Исходя из этого, можно сказать, что линейное письмо Б было смешанным: частично слоговым, частично логографическим. (В этом отношении оно мало отличается от современной японской письменности.) Эванс именно это и предполагал: прием с подсчетом символов в то время был уже хорошо известен. Но хотя ученый знал, что линейное письмо Б в значительной степени слоговое, наличие большого количества пиктографических символов смутило его и сильно задержало дешифровку. Война Эванса с линейным письмом Б будет продолжаться более 40 лет.
Все эти годы ученые требовали, чтобы им позволили увидеть таблички. “Никакие усилия не позволят в ближайшее время опубликовать весь собранный материал”, – заявил Эванс в печати после первого сезона раскопок. Но уже в 1909 году опубликовал 300-страничную книгу о критской письменности Scripta Minoa (“Минойские письмена”). Линейному письму А и линейному письму Б вместе Эванс посвятил не более 20 страниц.

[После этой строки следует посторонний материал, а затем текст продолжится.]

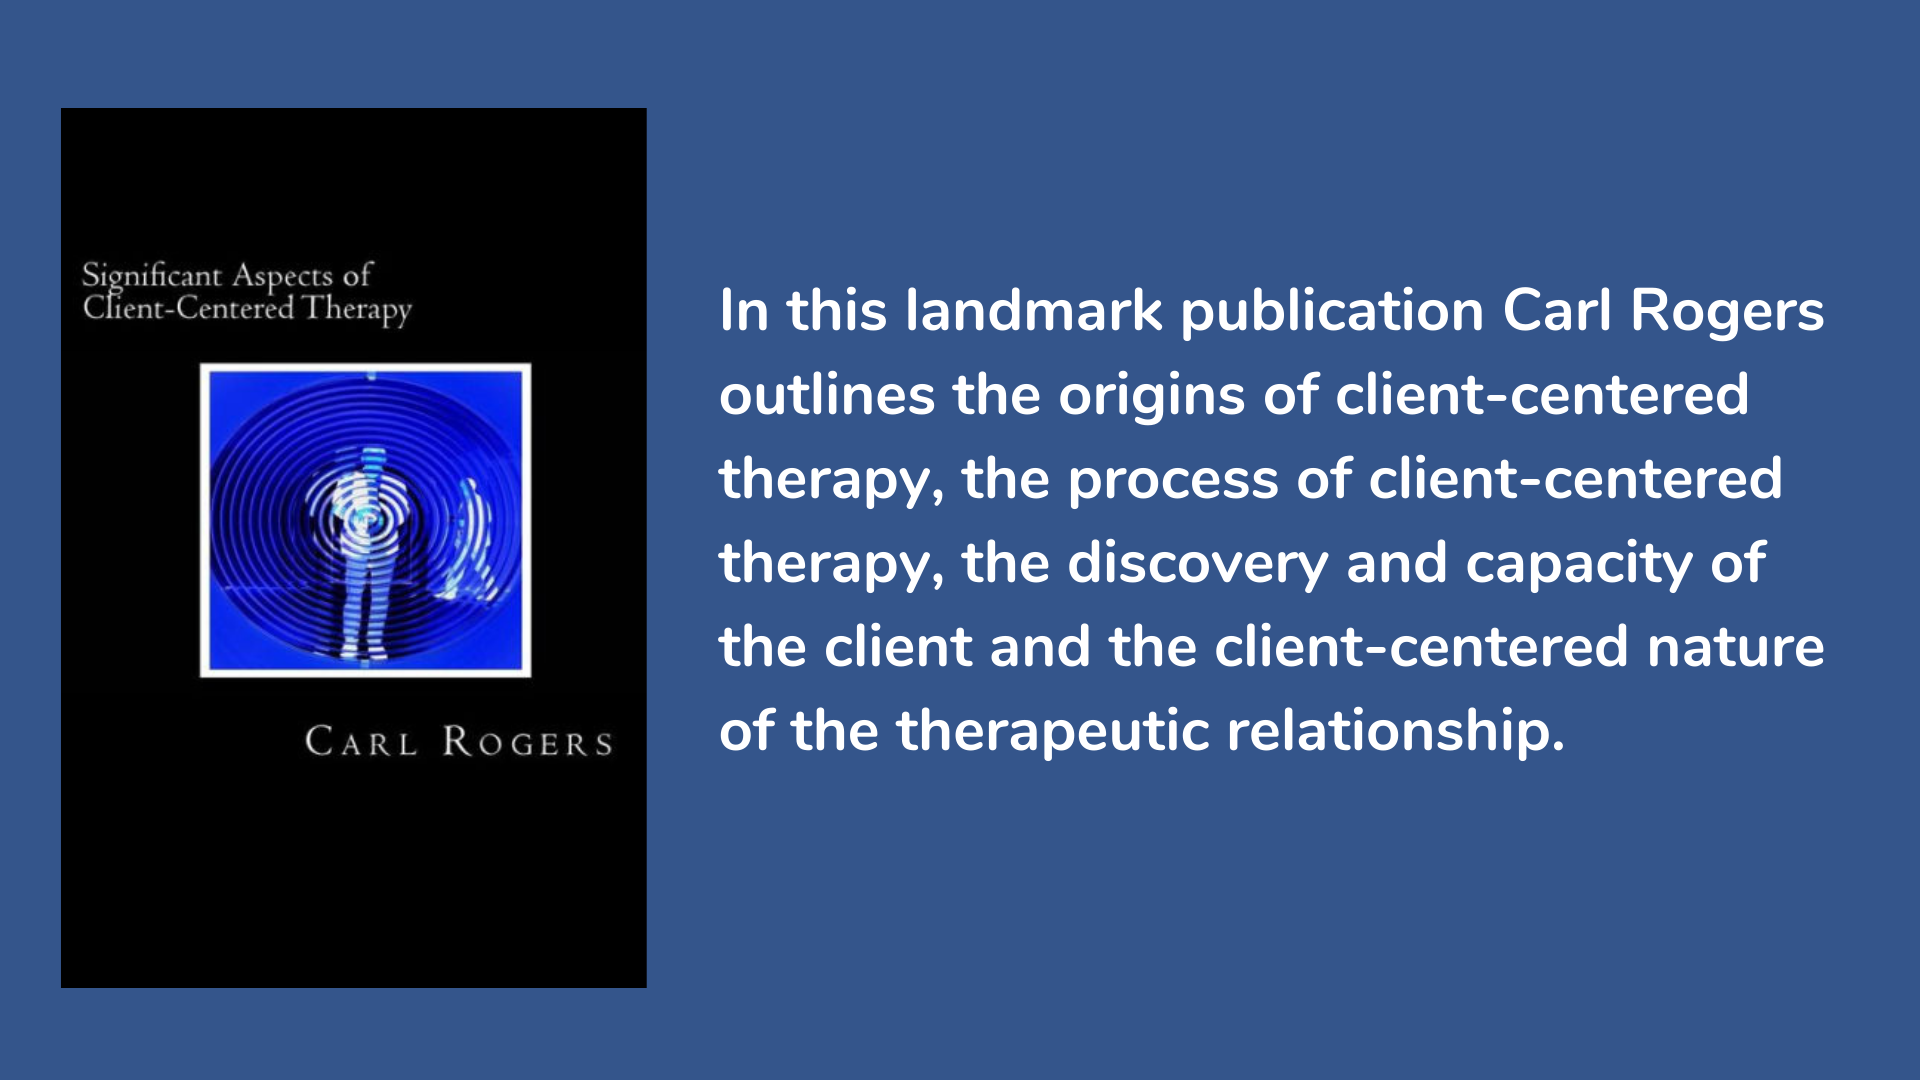 Significant Aspects of Client-Centered Therapy by Carl Rogers

Остальной текст представлял собой скрупулезный анализ более древнего иероглифического критского письма. (Причем автор, разбирая символику отдельных иероглифов, даже не попытался перевести иероглифические надписи целиком – этот подвиг он мудро считал невозможным.) Хотя Эванс обещал выпустить дополнительные тома, дающие полный перечень линейных знаков, ни один из них при его жизни так и не увидел свет. Кносские таблички оказались под замком, что ужасно раздражало целые поколения потенциальных дешифровщиков.
У Эванса были на то причины. Согласно освященному временем обычаю (восходящему к эпохе колониализма), ученый, застолбивший участок, получает преимущественное право на работу в этом месте. Поэтому остальные исследователи действуют на свой страх и риск. Но есть и другое неписаное правило: ученый обязан опубликовать свои результаты. Если он этого не сделает в разумный срок, его участок превращается в легкую добычу.
Одно десятилетие сменяло другое. Время, казалось, тянулось неприлично долго. Хотя Эванс охотно комментировал свои находки для таких солидных изданий, как лондонская газета “Таймс”, в научных журналах он публиковал мало материалов. Эванс не только отказался предоставить доступ к большинству табличек, но и не стал публиковать их прорисовки и фотоснимки: из более чем 2 тыс. табличек, которые Эванс нашел в Кноссе, за всю жизнь он обнародовал менее 200. (Финский ученый Йоханнес Сундвалл в 30-х годах опубликовал копии 38 табличек, которые ему удалось увидеть в музее на Крите, чем навлек на себя гнев Эванса.)